Horace Pippin. John Brown Going to His Hanging. 42. Oil on canvas, 24 1/8" X 30 1/4". The Pennsylvania Academy of Fine Arts, Philadelphia.
Meta Warrick Fuller. Talking Skull. 1937. Bronze, 28 X 40 X 15". Museum of Afro American History, Boston.
John Brown Going to His Hanging and Talking Skull both speak of death, but in rather different manners. Both works were created by artists of African descent and during similar time periods, but that's where the similarities stop.
Pippin's painting holds great agony. The subject will be dead shortly. The dormant trees hold few brown leaves that will soon lose the connection to their own life source. The is day is bitter and cold. Guns and whips procure emotions of violence and hatred. The white jail house with black barred windows symbolize the power and control the white had over the imprisoned and confined blacks during the time period. The white horses draw John to his demise. The white men casually smoke pipes as "justice is served." The lone black woman seems to turn away in disgust. The many vertical lines remind the viewer of what is to come. The white crowd goers are already dressed for the funeral before the death occurs. John is bound and will soon be hanging. This is a grave painting of a grave event for a man that is being sent to the grave.

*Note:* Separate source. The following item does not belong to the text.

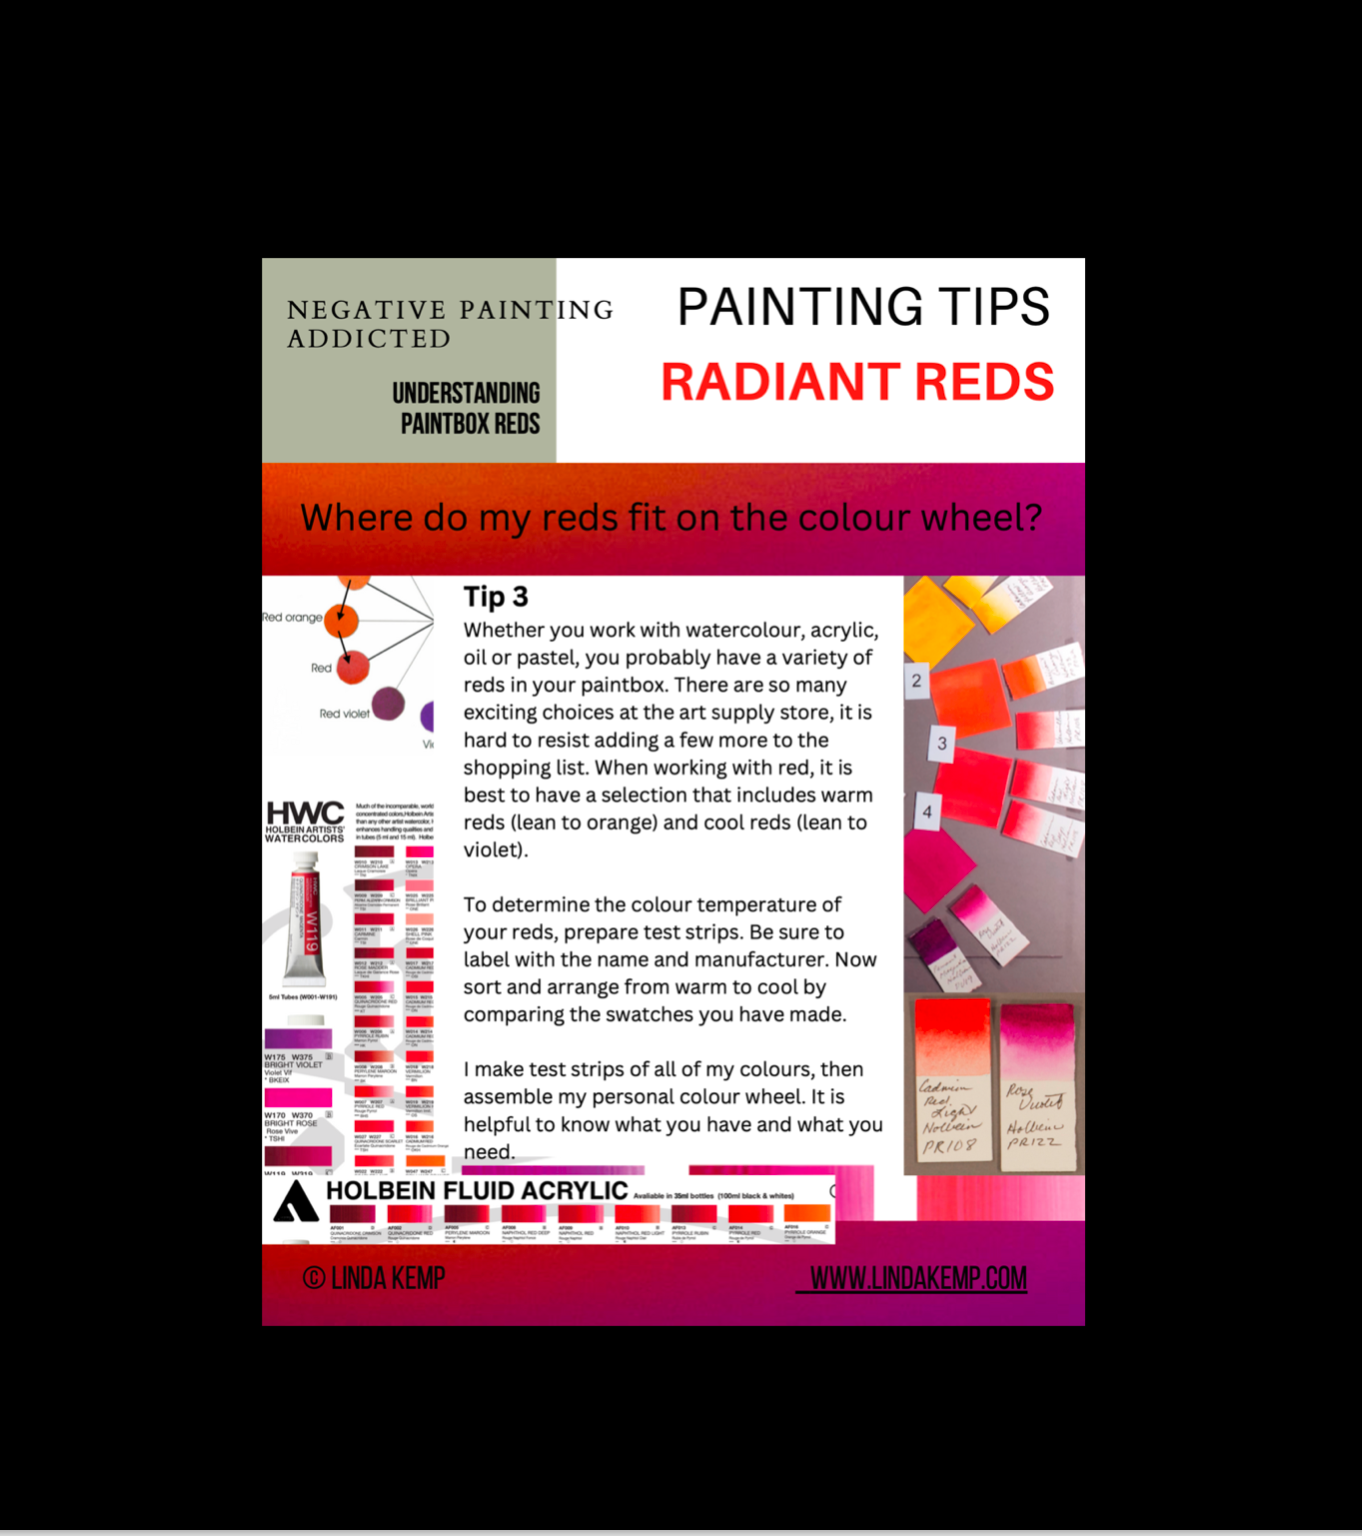 16 Tips For Painting Radiant Reds - Free Handbook

Fuller's sculpture is also sorrowful. The boy kneels naked and vulnerable before the skull of one long gone and gone forever. He pleads and longs for something he will never have. The barren earth beneath him offers no hope either. But in the magic of the moment that is the sculpture he can have this conversation with the talking skull. His questions can be answered. His concerns can be consoled. His comments can be appreciated. His nostalgia can be eased. Only in that moment.